***** DATA SECTION

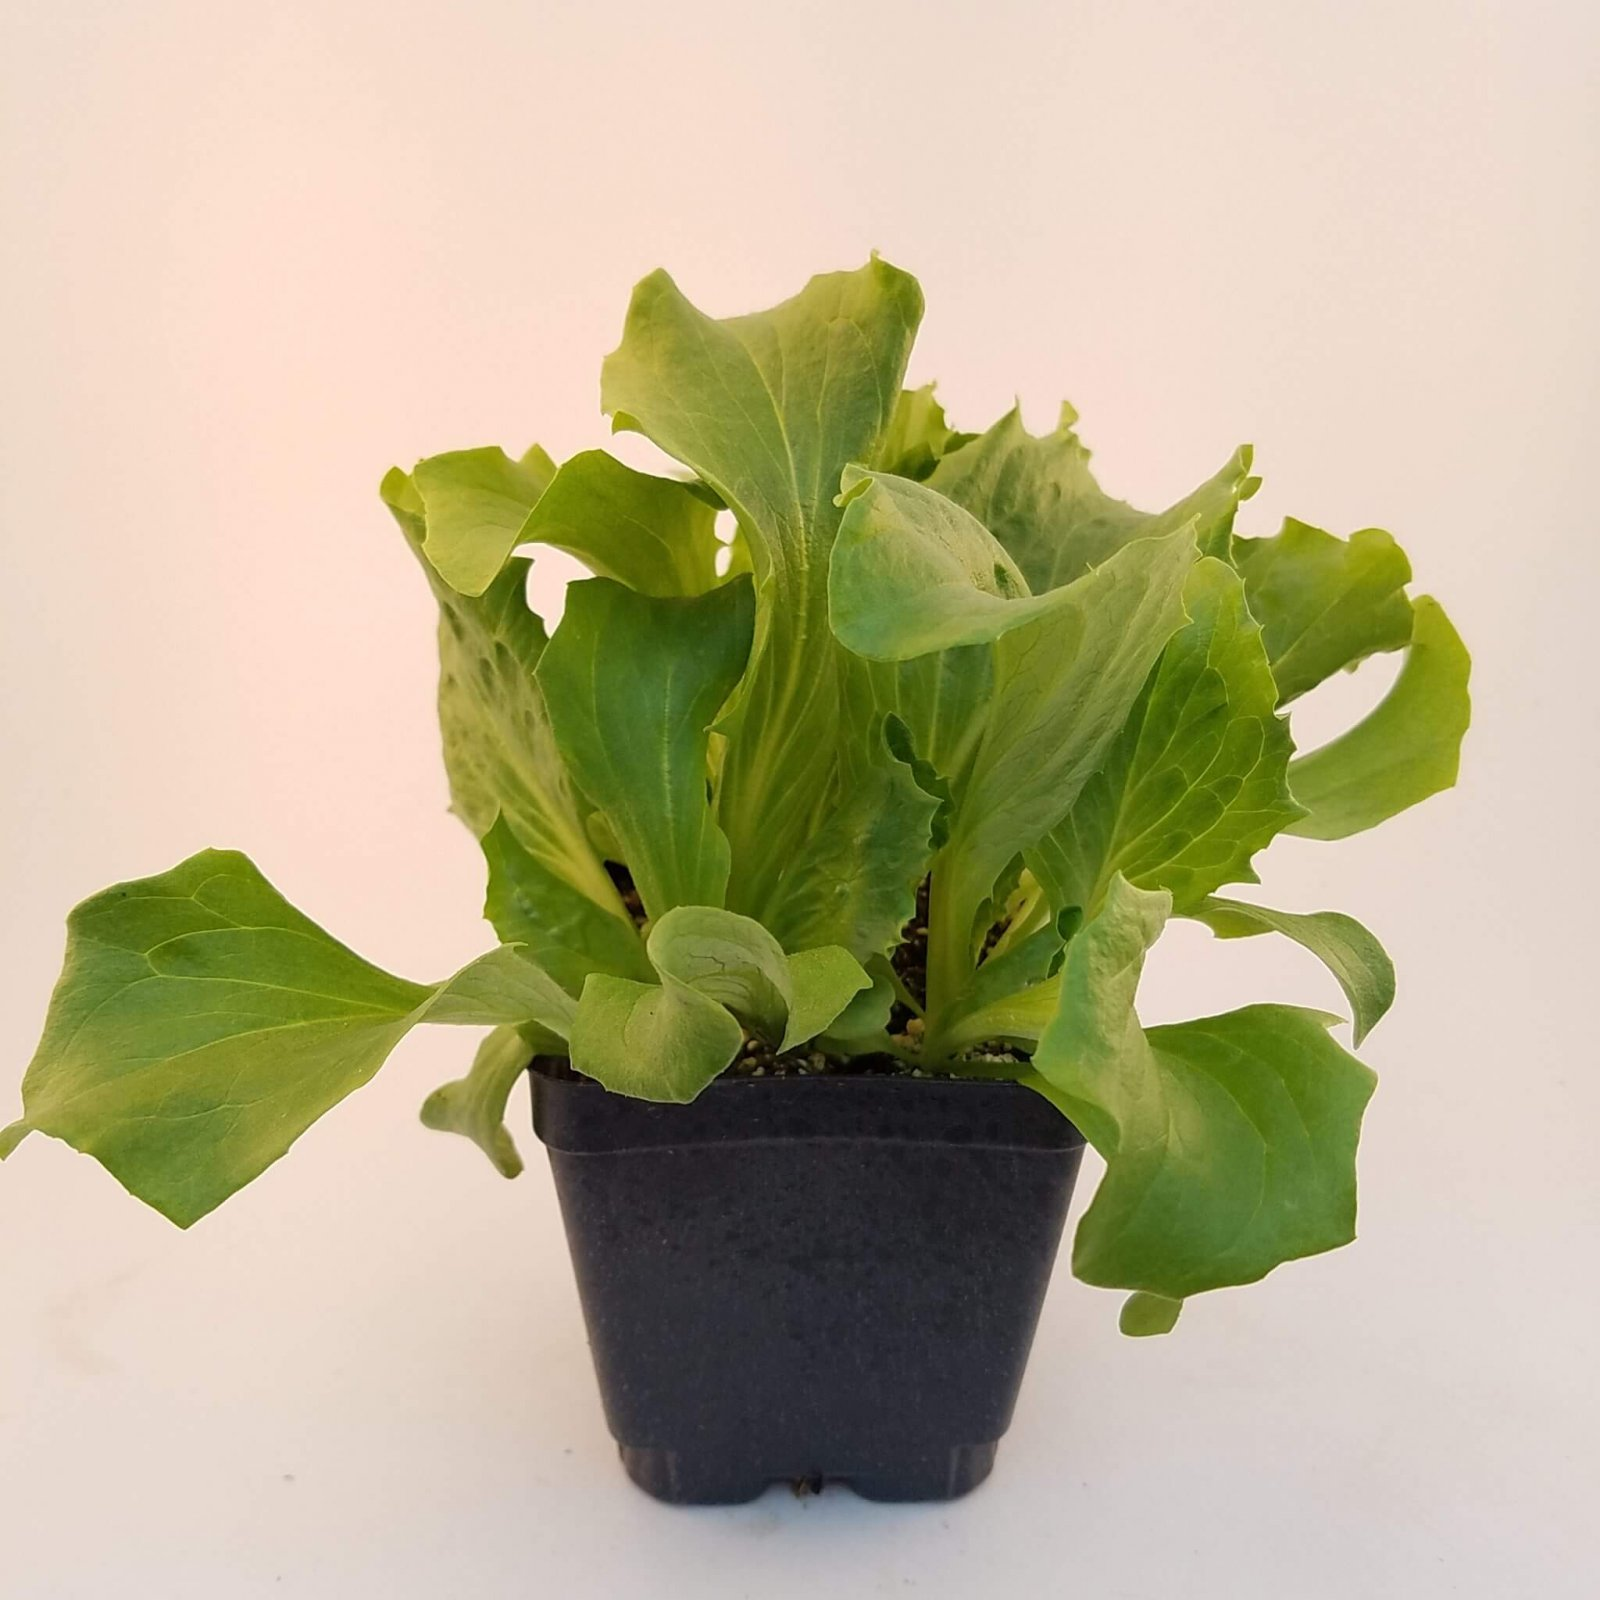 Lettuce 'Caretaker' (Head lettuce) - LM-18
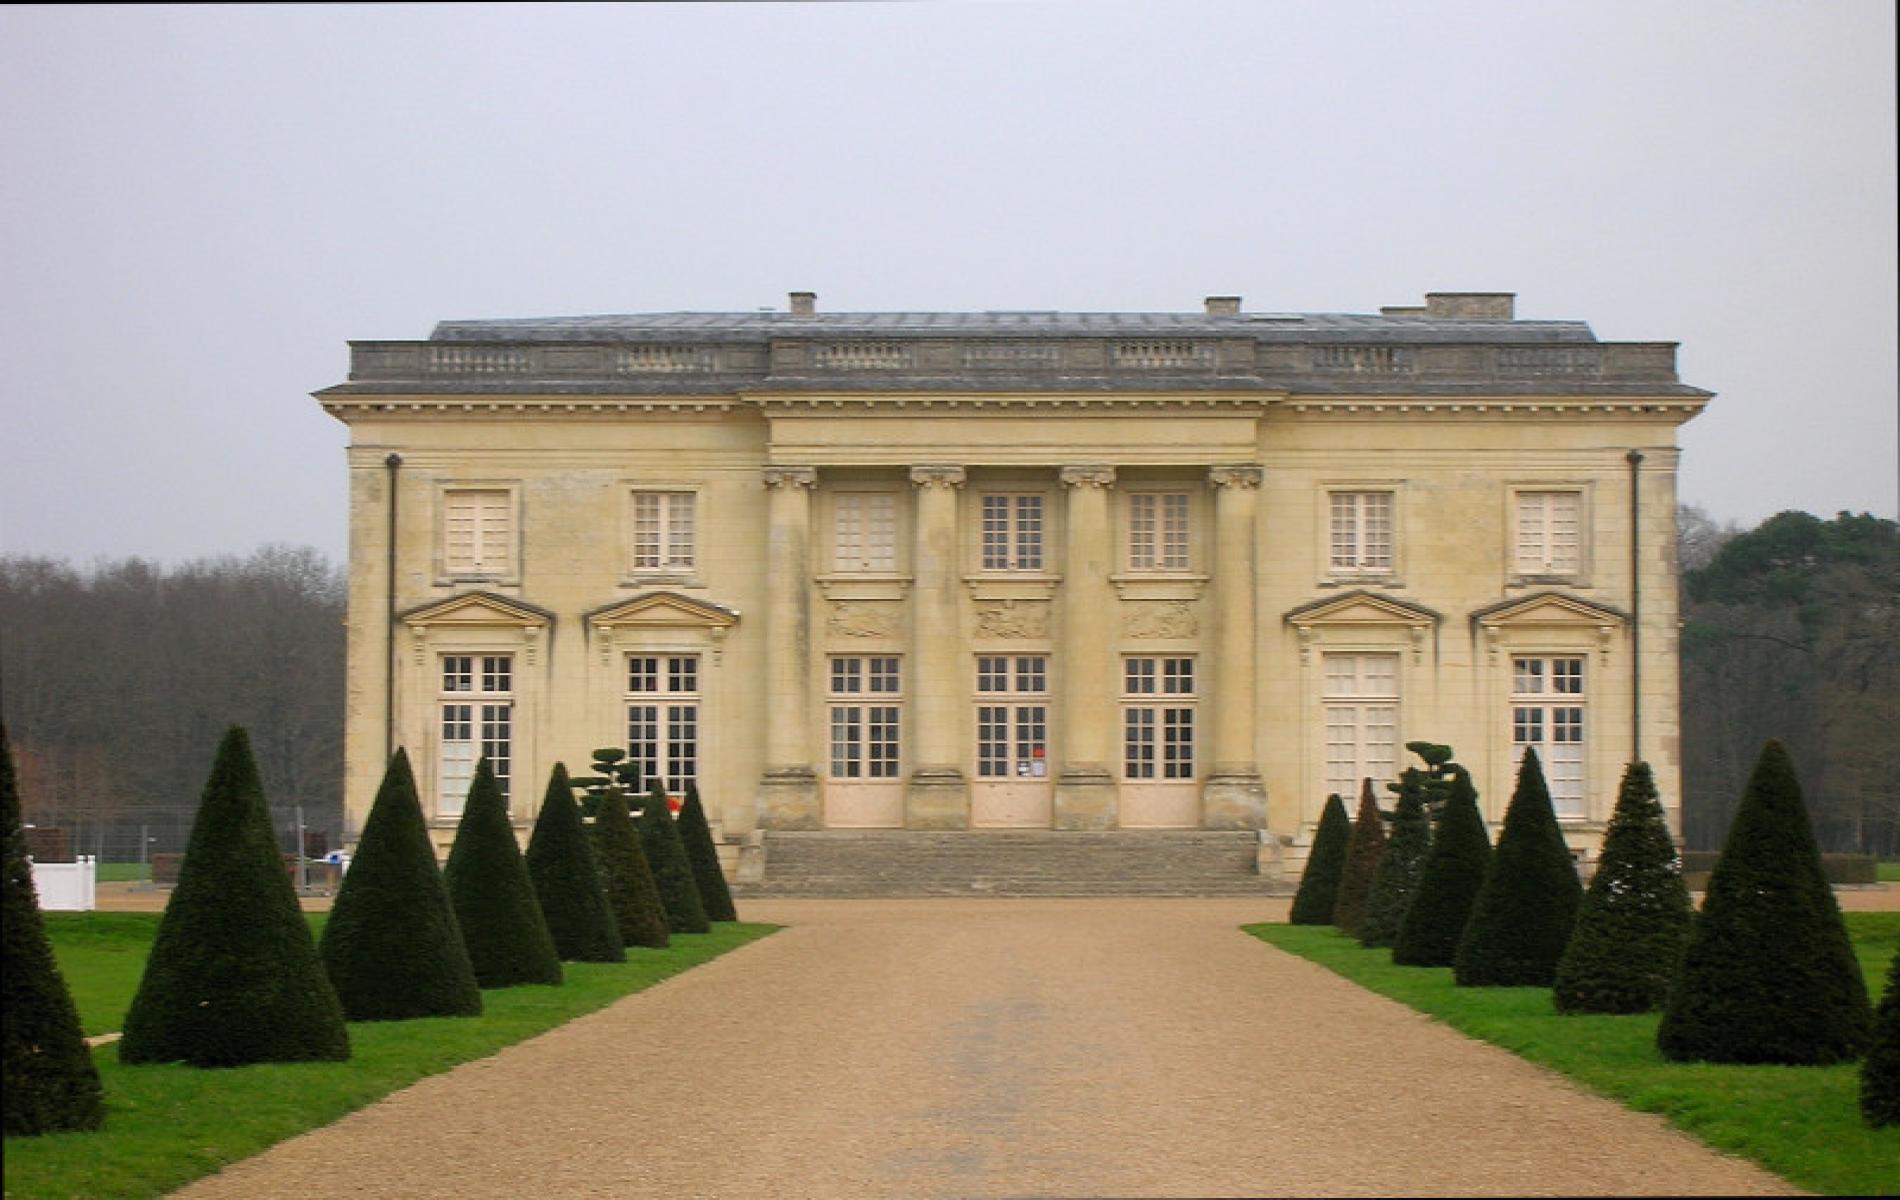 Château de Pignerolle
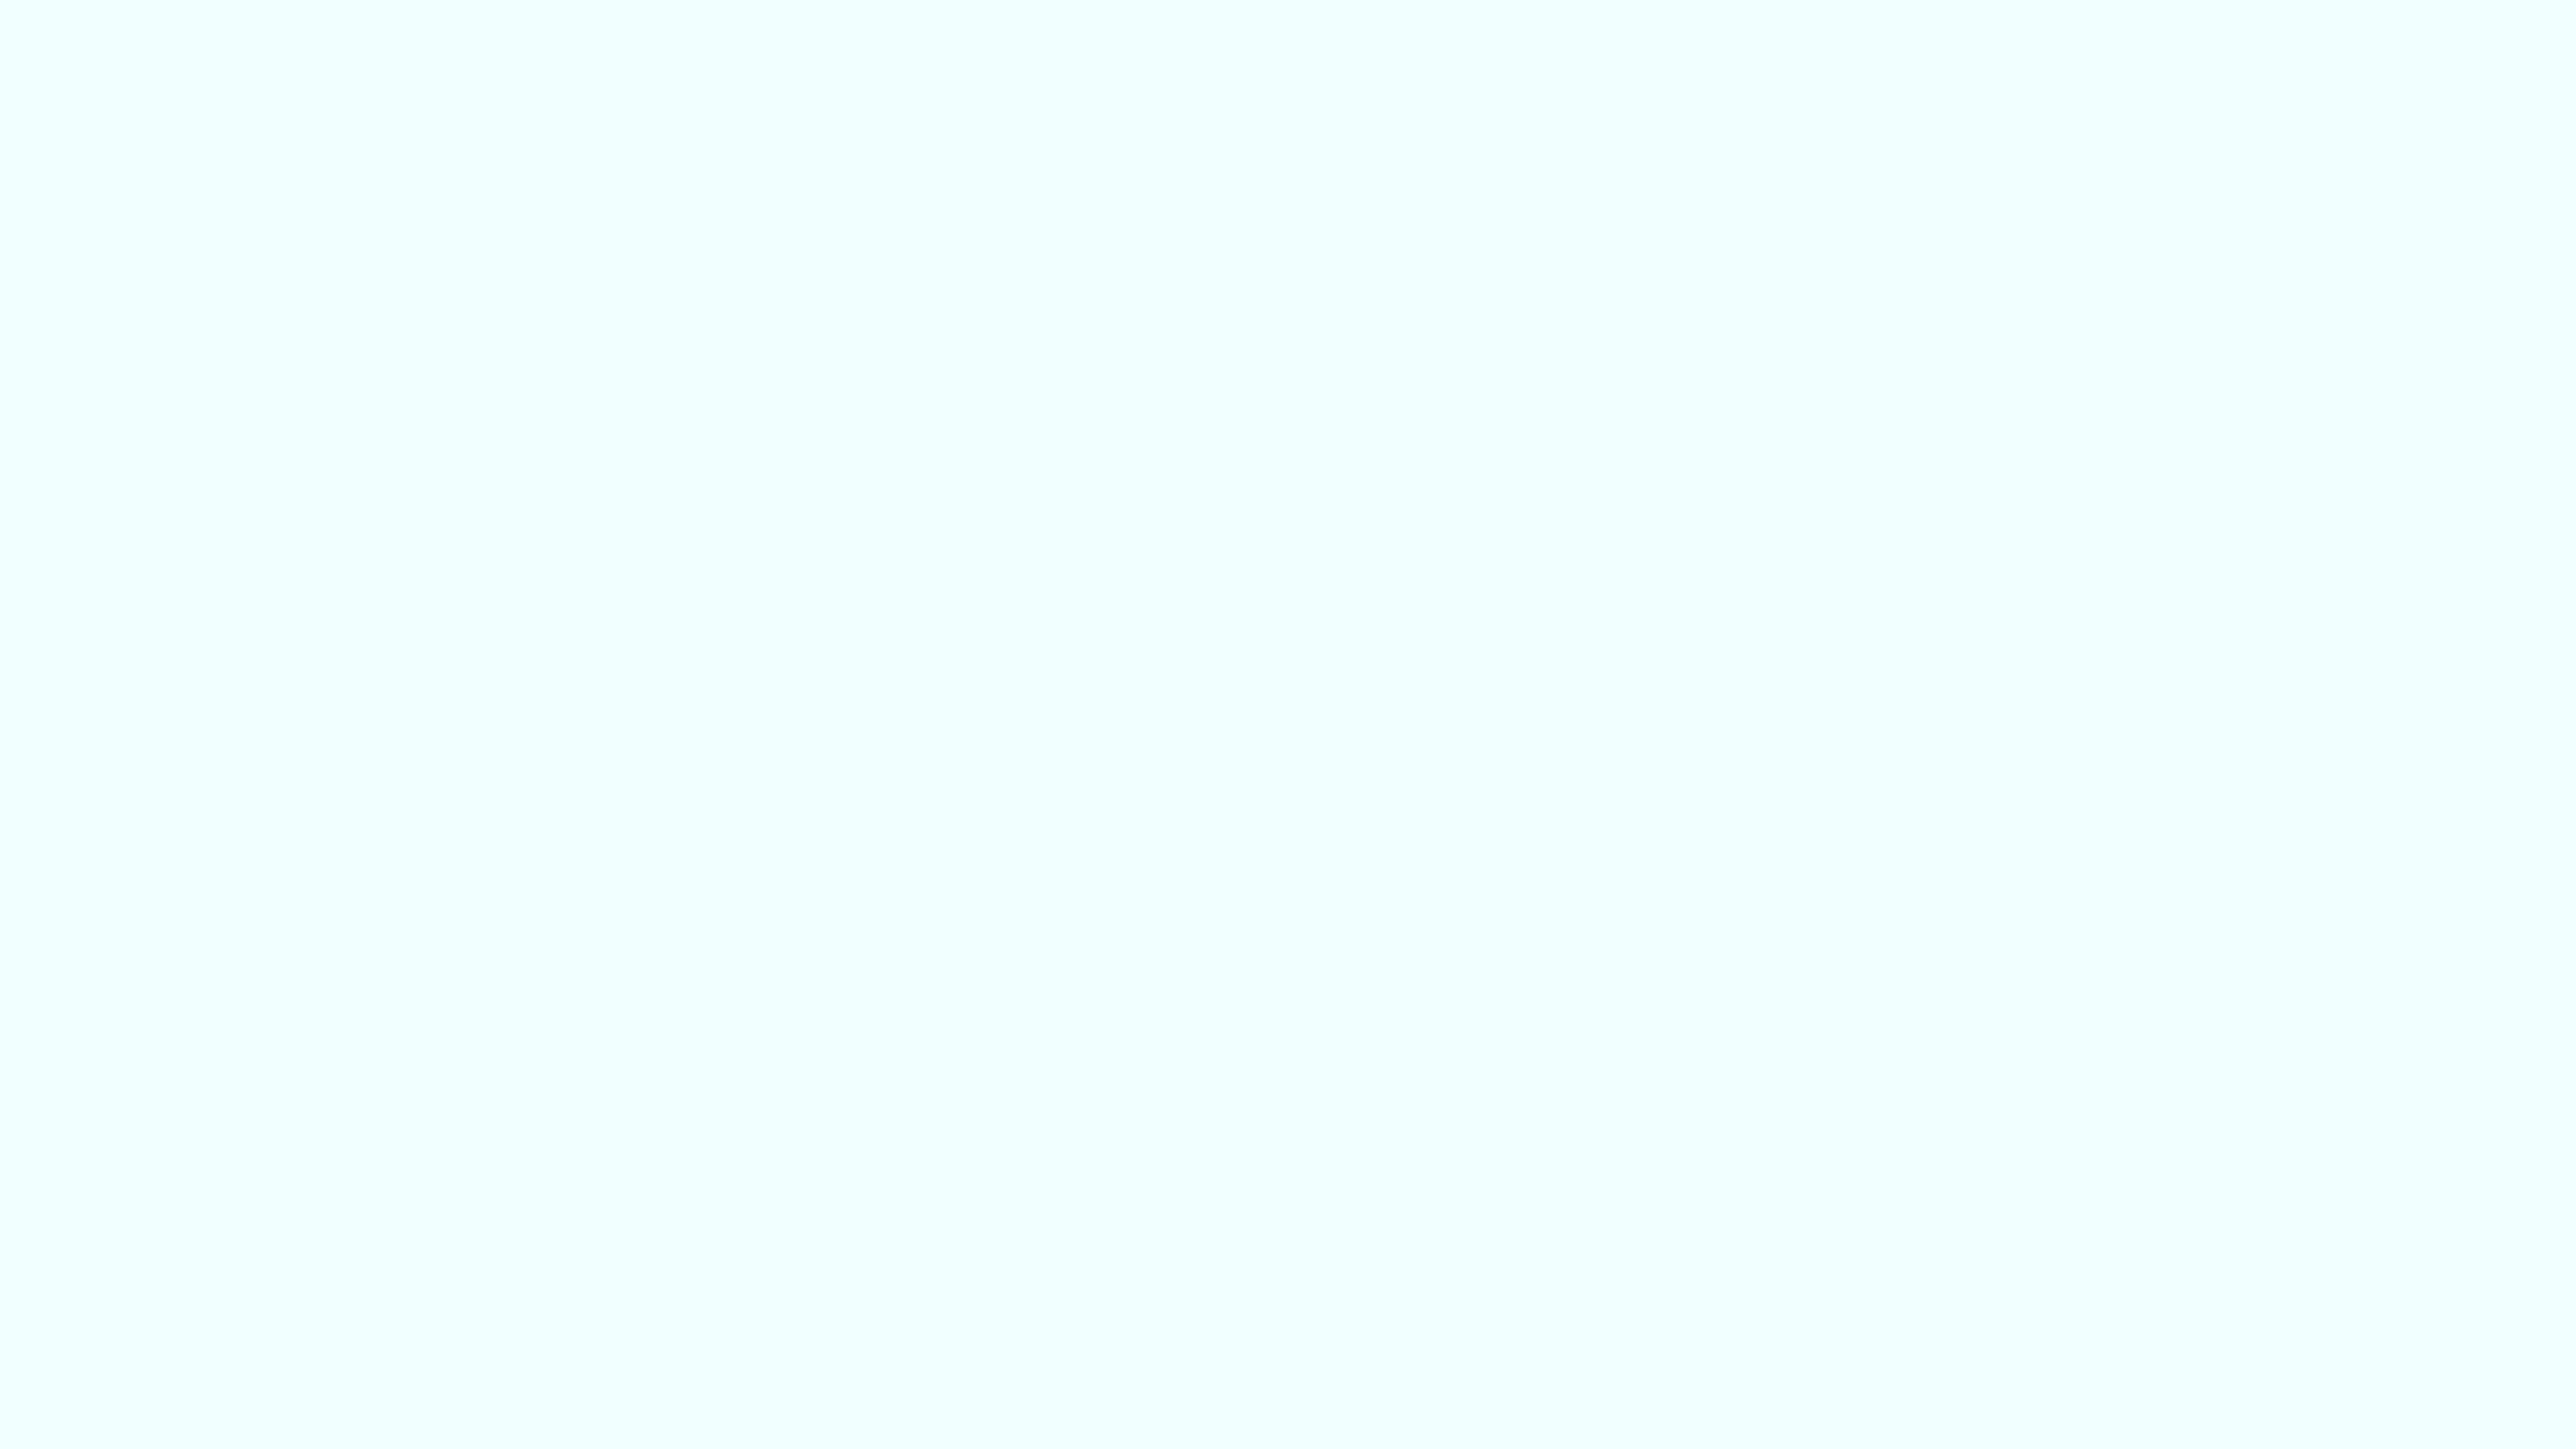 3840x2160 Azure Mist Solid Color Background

**********

TASK GOAL. Return the full material word for word. Do not include the pictures.

RESPONSE BOX.
 Lettuce 'Caretaker' (Head lettuce) - LM-18
 Château de Pignerolle
 3840x2160 Azure Mist Solid Color Background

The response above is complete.